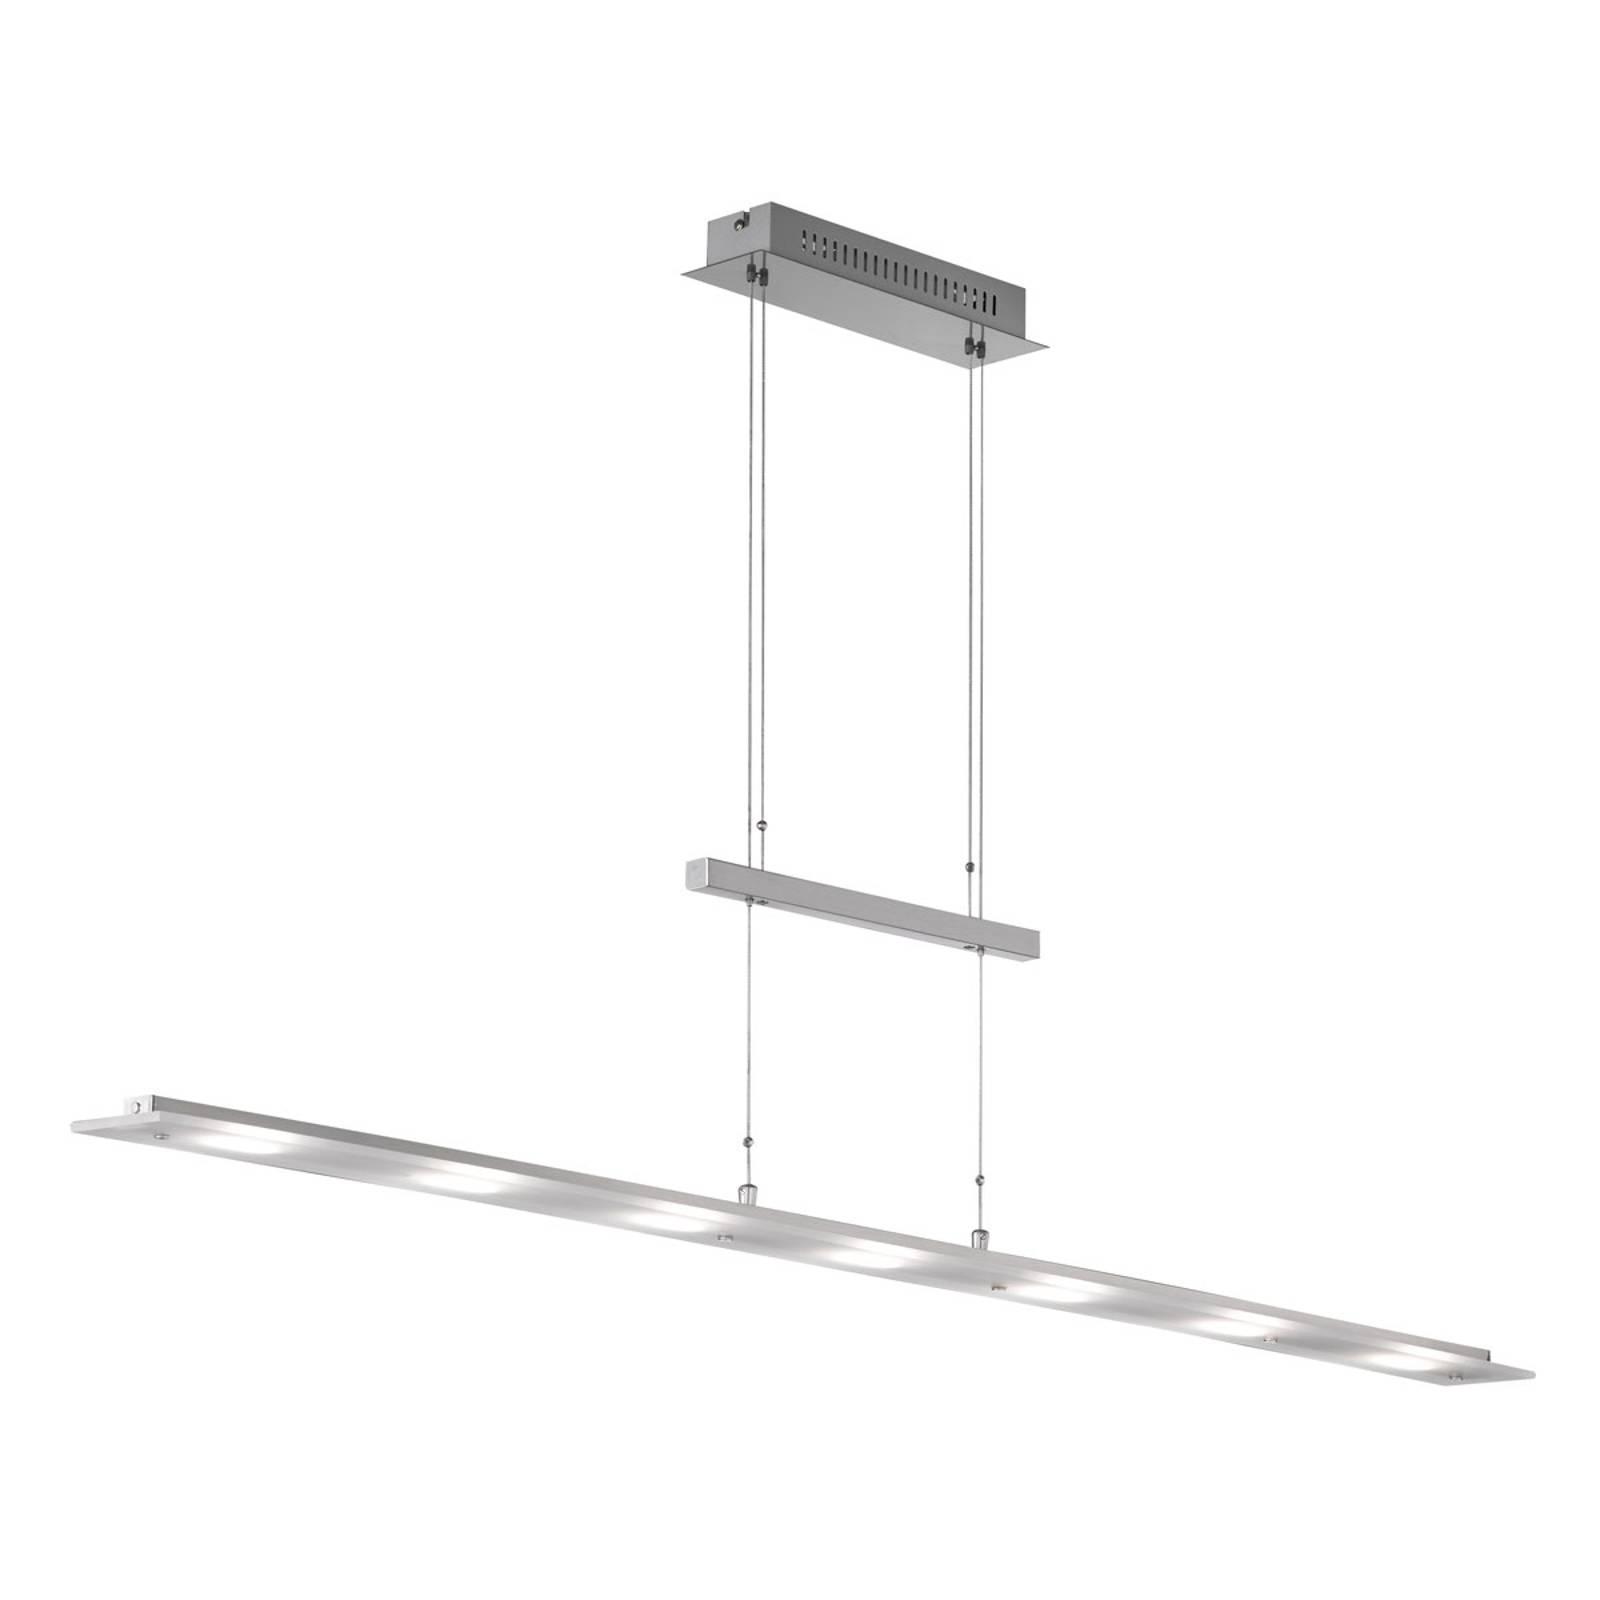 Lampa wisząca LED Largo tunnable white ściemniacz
===============
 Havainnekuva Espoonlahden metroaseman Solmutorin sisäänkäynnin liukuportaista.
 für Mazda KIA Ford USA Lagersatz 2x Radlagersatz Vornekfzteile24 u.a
===============
=== WHAT IS BEING ASKED ===
From the material above, retype precisely the lines between the line holding "Havainnekuva Espoonlahden metroaseman" and the line holding "für Mazda KIA", inclusive, and nothing beyond them.

=== WRITTEN ANSWER ===
 Havainnekuva Espoonlahden metroaseman Solmutorin sisäänkäynnin liukuportaista.
 für Mazda KIA Ford USA Lagersatz 2x Radlagersatz Vornekfzteile24 u.a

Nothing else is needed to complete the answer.